[pbs-devel] Authentication performance
Mark Schouten
mark at tuxis.nl
Mon Jan 6 20:07:43 CET 2025
https://bugzilla.proxmox.com/show_bug.cgi?id=6049 has been created for
this.
Thanks!
—
Mark Schouten
CTO, Tuxis B.V.
+31 318 200208 / mark at tuxis.nl
------ Original Message ------
>From "Shannon Sterz" <s.sterz at proxmox.com>
To "Mark Schouten" <mark at tuxis.nl>
Cc "Proxmox Backup Server development discussion"
<pbs-devel at lists.proxmox.com>
Date 20/12/2024 14:22:18
Subject Re: Re[4]: [pbs-devel] Authentication performance
>On Thu Dec 19, 2024 at 10:56 AM CET, Mark Schouten wrote:
>> Hi,
>>
>> We upgraded to 3.3 yesterday, not much gain to notice with regards to
>> the new version or the change in keying. It’s still (obvioulsy) pretty
>> busy.
>
>just be aware that the patch i linked to in my last mail has not been
>packaged yet, so you wouldn't see the impact of that patch yet.
>
>> However, I also tried to remove some datastores, which failed with
>> timeouts. PBS even stopped authenticating (so probably just working) all
>> together for about 10 seconds, which was an unpleasant surprise.
>>
>> So looking into that further, I noticed the following logging:
>> Dec 18 16:14:32 pbs005 proxmox-backup-proxy[39143]: GET
>> /api2/json/admin/datastore/XXXXXX/status: 400 Bad Request: [client
>> [::ffff]:42104] Unable to acquire lock
>> "/etc/proxmox-backup/.datastore.lck" - Interrupted system call (os error
>> 4)
>> Dec 18 16:14:32 pbs005 proxmox-backup-proxy[39143]: GET
>> /api2/json/admin/datastore/XXXXXX/status: 400 Bad Request: [client
>> [::ffff]:42144] Unable to acquire lock
>> "/etc/proxmox-backup/.datastore.lck" - Interrupted system call (os error
>> 4)
>> Dec 18 16:14:32 pbs005 proxmox-backup-proxy[39143]: GET
>> /api2/json/admin/datastore/XXXXXX/status: 400 Bad Request: [client
>> [::ffff]:47286] Unable to acquire lock
>> "/etc/proxmox-backup/.datastore.lck" - Interrupted system call (os error
>> 4)
>> Dec 18 16:14:32 pbs005 proxmox-backup-proxy[39143]: GET
>> /api2/json/admin/datastore/XXXXXX/status: 400 Bad Request: [client
>> [::ffff:]:45994] Unable to acquire lock
>> "/etc/proxmox-backup/.datastore.lck" - Interrupted system call (os error
>> 4)
>>
>> Which surprised me, since this is a ’status’ call, which should not need
>> locking of the datastore-config.
>>
>>https://git.proxmox.com/?p=proxmox-backup.git;a=blob;f=src/api2/admin/datastore.rs;h=c611f593624977defc49d6e4de2ab8185cfe09e9;hb=HEAD#l687
>> does not lock the config, but
>>
>>https://git.proxmox.com/?p=proxmox-backup.git;a=blob;f=pbs-datastore/src/datastore.rs;h=0801b4bf6b25eaa6f306c7b39ae2cfe81b4782e1;hb=HEAD#l204
>> does.
>>
>> So if I understand this correctly, every ’status’ call (30 per second in
>> our case) locks the datastore-config exclusively.

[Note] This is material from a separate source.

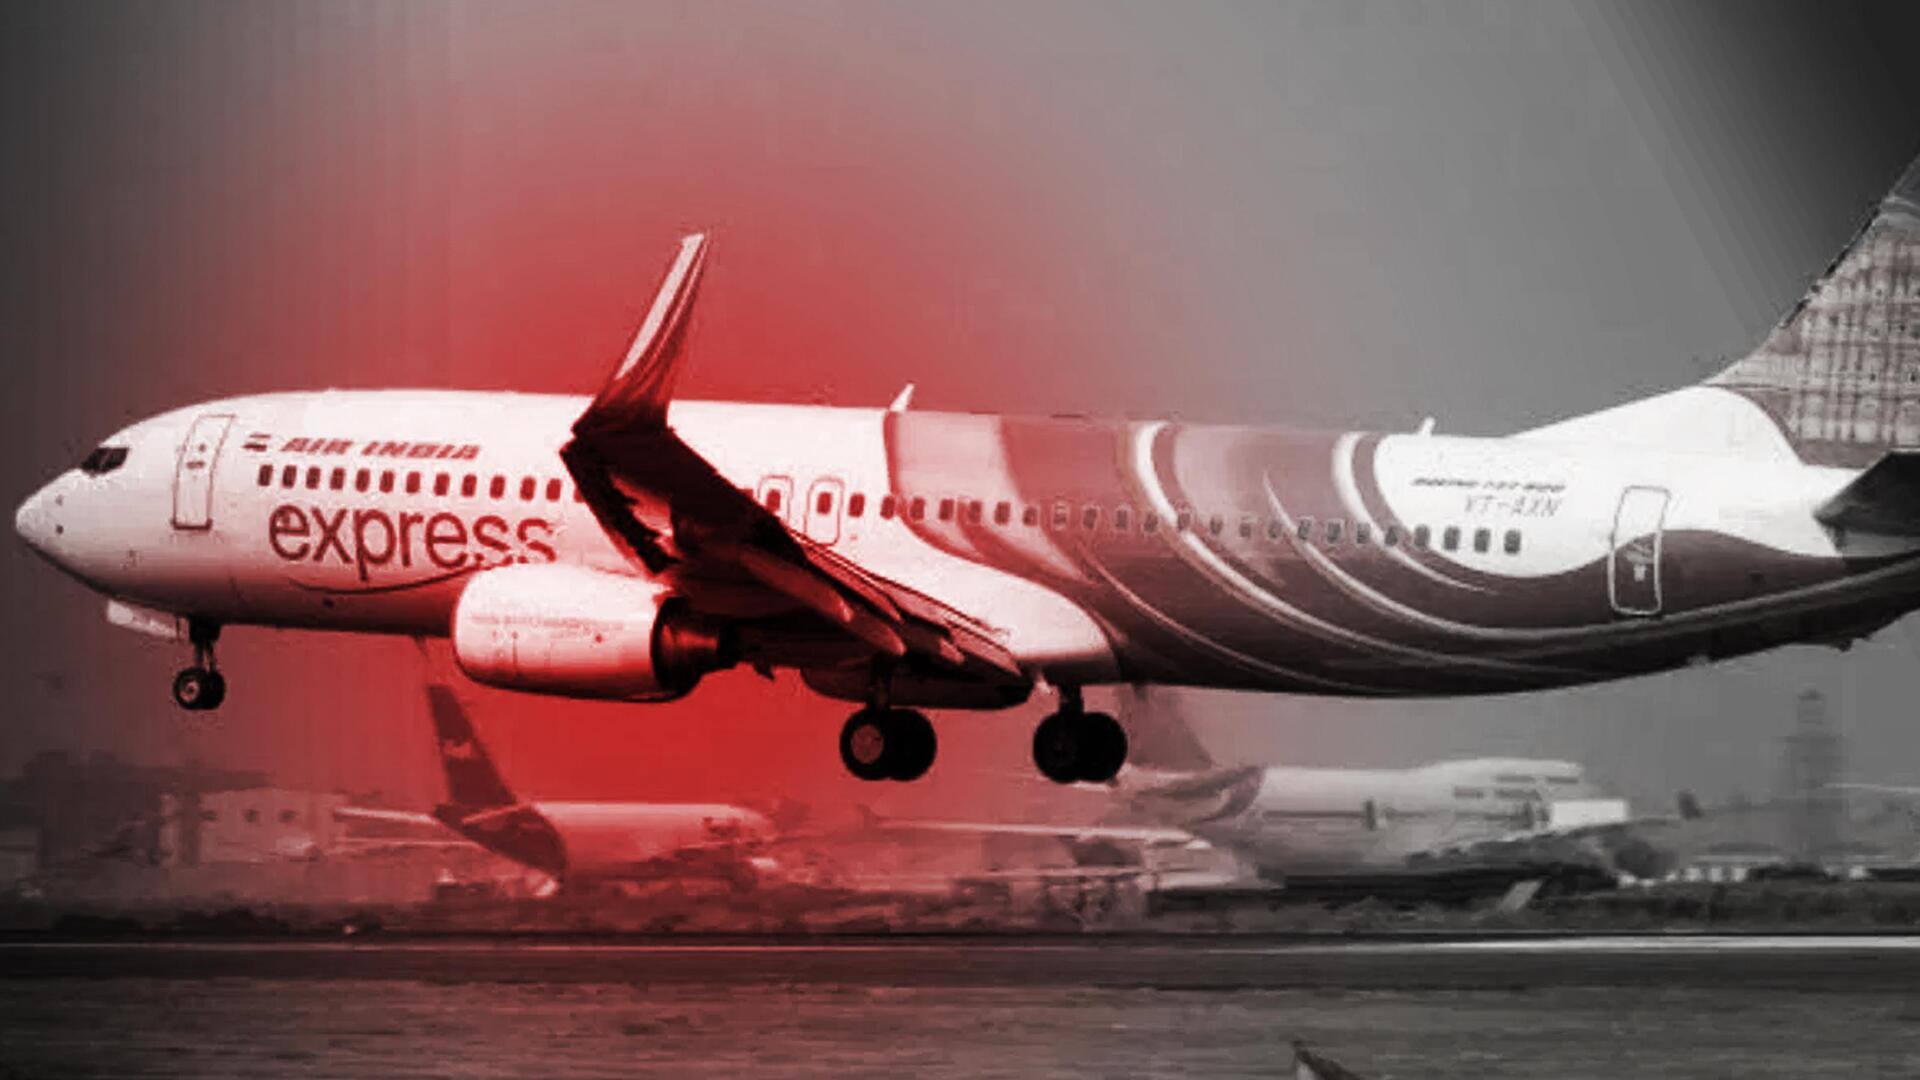 एयर इंडिया एक्सप्रेस ने 30 कर्मचारियों को नौकरी से निकाला, 'सामूहिक छुट्टी' के बाद कार्रवाई

And also, every time
>> ’status’ get called, the whole datastore-config gets loaded?
>
>probably, there are some comments about that there already, it might
>make sense to open a bugzilla issue to discuss this further [1].
>
>[1]: https://bugzilla.proxmox.com/
>
>> Is that something that could use some performance tuning?
>>
>> —
>> Mark Schouten
>> CTO, Tuxis B.V.
>> +31 318 200208 / mark at tuxis.nl
>>
>>
>> ------ Original Message ------
>> From "Shannon Sterz" <s.sterz at proxmox.com>
>> To "Mark Schouten" <mark at tuxis.nl>
>> Cc "Proxmox Backup Server development discussion"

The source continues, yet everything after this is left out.